Guideline implementation is strongly influenced by clinician-related factors. Among these factors, clinical inertia remains a major barrier, corresponding to the failure to initiate or intensify therapy despite unmet targets, often driven by time constraints, competing clinical demands, and therapeutic complexity [62,74]. Underestimation of CV risk, insufficient use of risk calculators, low adoption of shared decision-making, and inadequate training or familiarity with updated recommendations, all contribute to inconsistent practice. In addition, limited consultation time often results in superficial lifestyle counselling that is insufficient to support sustained behavioral change.
Patient adherence represents one of the most persistent challenges in CV prevention. Non-adherence to medications is common, frequently worsened by polypharmacy, perceived or actual side effects, high out-of-pocket costs, and limited understanding of treatment benefits. Lifestyle recommendations are also difficult to maintain in the long term due to psychosocial stressors, cultural factors, socioeconomic constraints, low health literacy, and competing life priorities [77]. These barriers directly contribute to suboptimal risk factor control and higher rates of adverse CV events.

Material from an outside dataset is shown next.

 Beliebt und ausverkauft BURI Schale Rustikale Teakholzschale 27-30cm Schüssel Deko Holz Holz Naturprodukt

Effective risk communication is essential for informed decision-making, yet patient-clinician interactions are often compromised by cognitive biases, emotional responses, and misinterpretation of numerical risk estimates. Patient–doctor interactions are complex, and effective risk communication remains a challenge, without a standard strategy or optimal approach that should be individualized according to the patient’s preferences, level of understanding and health literacy [78]. A recent meta-analysis showed that communicating CVD risk information, regardless of the method, reduced the overall risk factors and enhanced patients’ self-perceived risk [79]. Ensuring that patients truly understand their CV risk, the anticipated benefits of interventions, and the trade-offs associated with treatment is critical. Approaches such as risk age (or heart age) have shown promise in enhancing comprehension, particularly among younger individuals whose absolute risk may appear low despite high relative lifetime risk. This approach has proven particularly useful in enhancing risk communication within disease risk calculators, but there is also a lack of standardized materials for patient communication endorsed by national societies [80].

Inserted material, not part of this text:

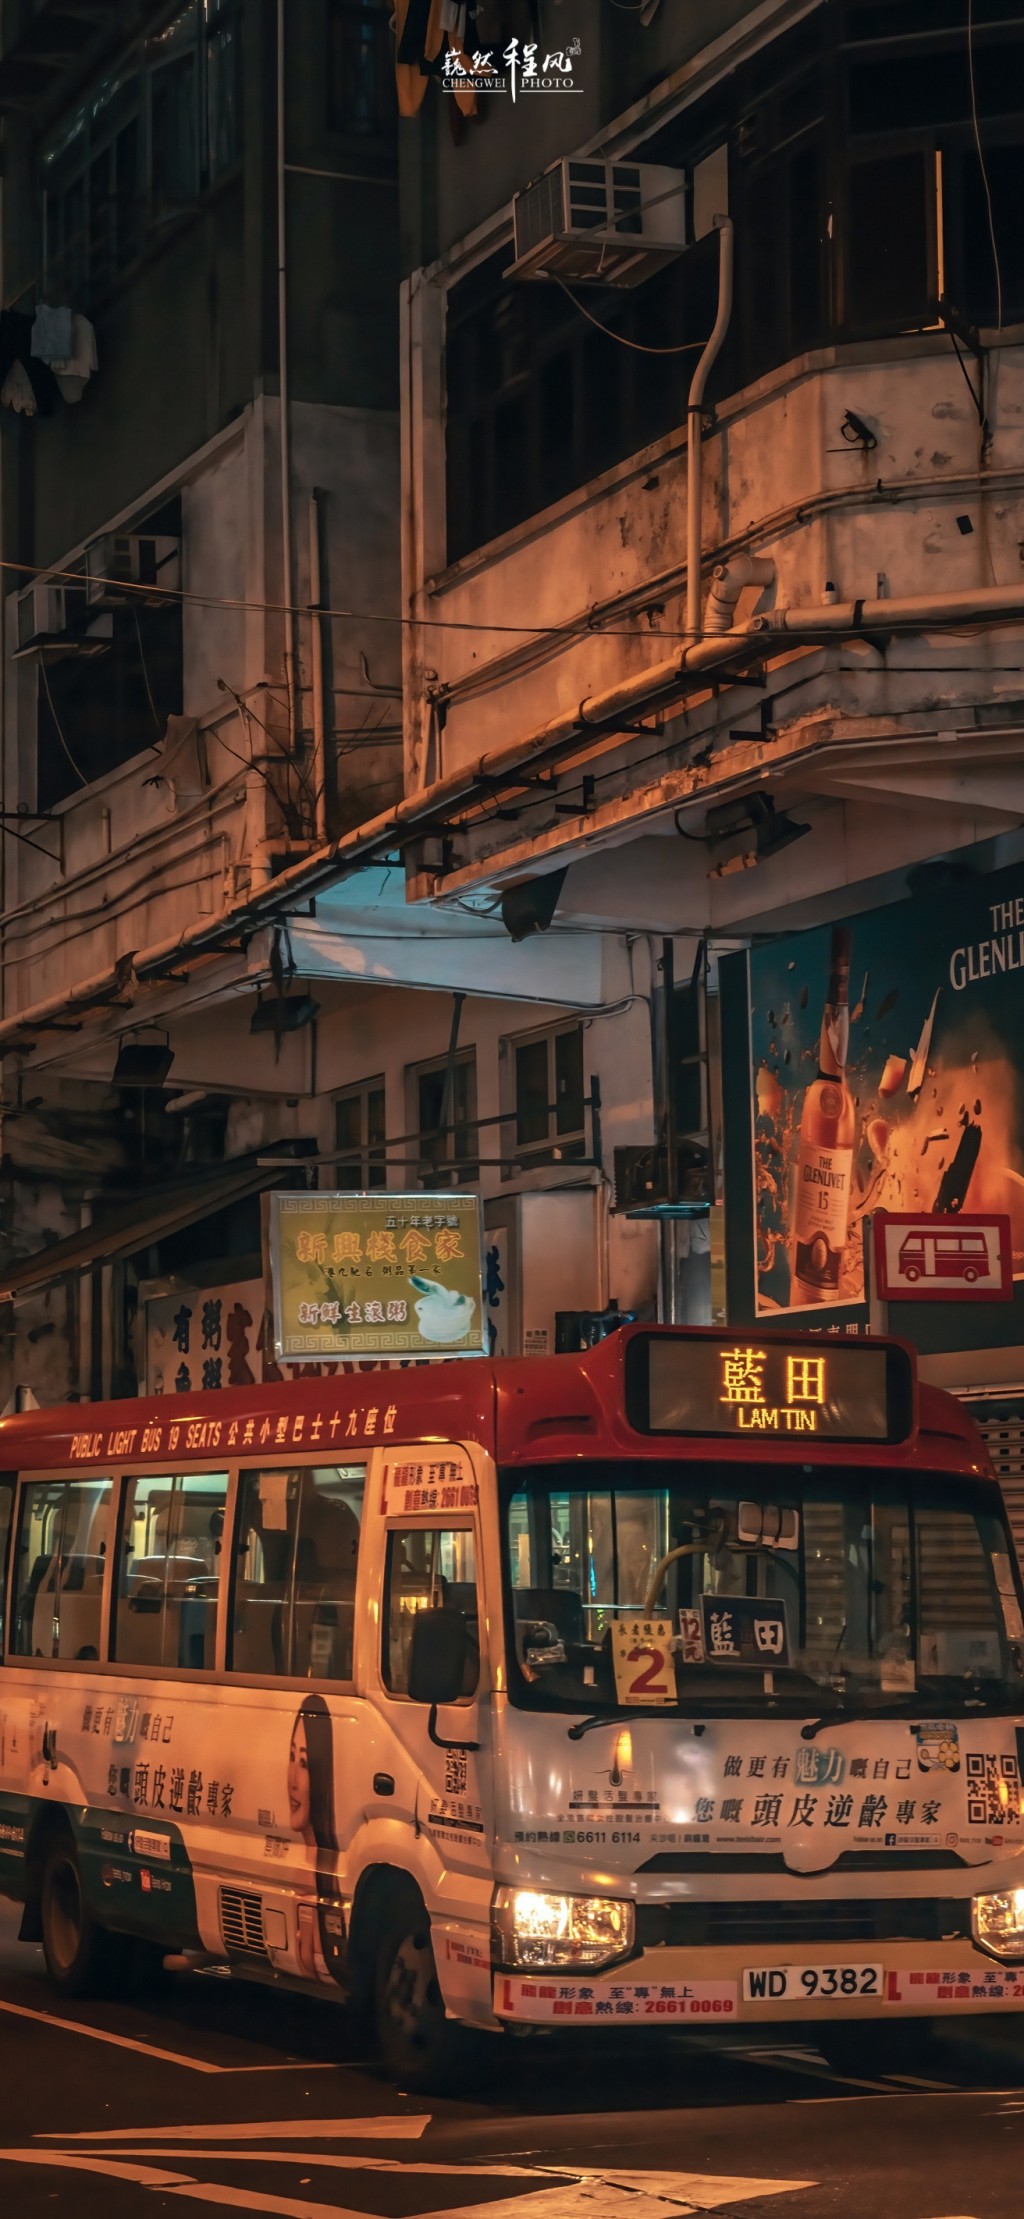 香港旺角美丽街景手机壁纸

Ultimately, the central problem in CV prevention is not the absence of scientific knowledge, but the failure to translate evidence into sustainable, equitable, and effective practice [74]. Addressing implementation failures requires a shift from guideline prescription toward personalized engagement strategies, informed by behavioral economics, patient empowerment, and culturally appropriate communication. At the system level, integrating digital innovations, simplifying care pathways, and embedding principles of implementation science can help create environments where adherence is supported rather than merely expected [62]. Only coordinated and aligned efforts across patient, clinician, and health-system domains can enable CV prevention to achieve its full potential in reducing the global burden of CVD.
5. Novel Strategies and Future Directions
Despite substantial advances in CV prevention, significant gaps remain in guideline implementation, risk communication, and equitable access to care. Addressing these challenges requires a multifaceted approach that integrates patient-centered strategies, shared decision-making, and interventions tailored to individual characteristics such as sex, age, race, mental health, and socioeconomic context. Improving risk communication, fostering shared decision-making, optimizing screening strategies, and defining effective mental health interventions within CV care are critical priorities for future research and practice [62,74].
Innovative approaches, including genetic testing, advanced risk stratification methodologies, digital health technologies, emerging pharmacological and behavioral interventions, are being explored to enhance early detection, personalize therapy, and improve long-term adherence. A static model is unlikely to meet the several needs of individuals at increased CV risk; therefore, tailoring interventions to individual circumstances is essential for maximizing engagement and achieving meaningful reductions in disease burden [81,82]. Figure 3 illustrates the main emerging strategies to enhance future CV prevention. Strengthening CV health literacy and establishing a structured shared decision-making process are fundamental to the success of these approaches.
5.1. Digital Health and Technology
The digital revolution is reshaping CV prevention, offering unprecedented opportunities for early detection, risk stratification, and patient-centered care. Wearable devices, mobile health applications, and telemedicine platforms allow continuous remote monitoring of vital signs, physical activity, sleep patterns, and other behaviors, providing real-time data that can facilitate timely and personalized interventions [12,14]. For example, wearable devices can continuously monitor heart rate, blood pressure or physical activity and automatically alert clinicians if abnormal patterns are detected, prompting early evaluation and intervention. Otherwise, digital tools enable earlier identification of subclinical disease, including asymptomatic atherosclerosis and vascular dysfunction, which is critical for initiating preventive measures [83,84].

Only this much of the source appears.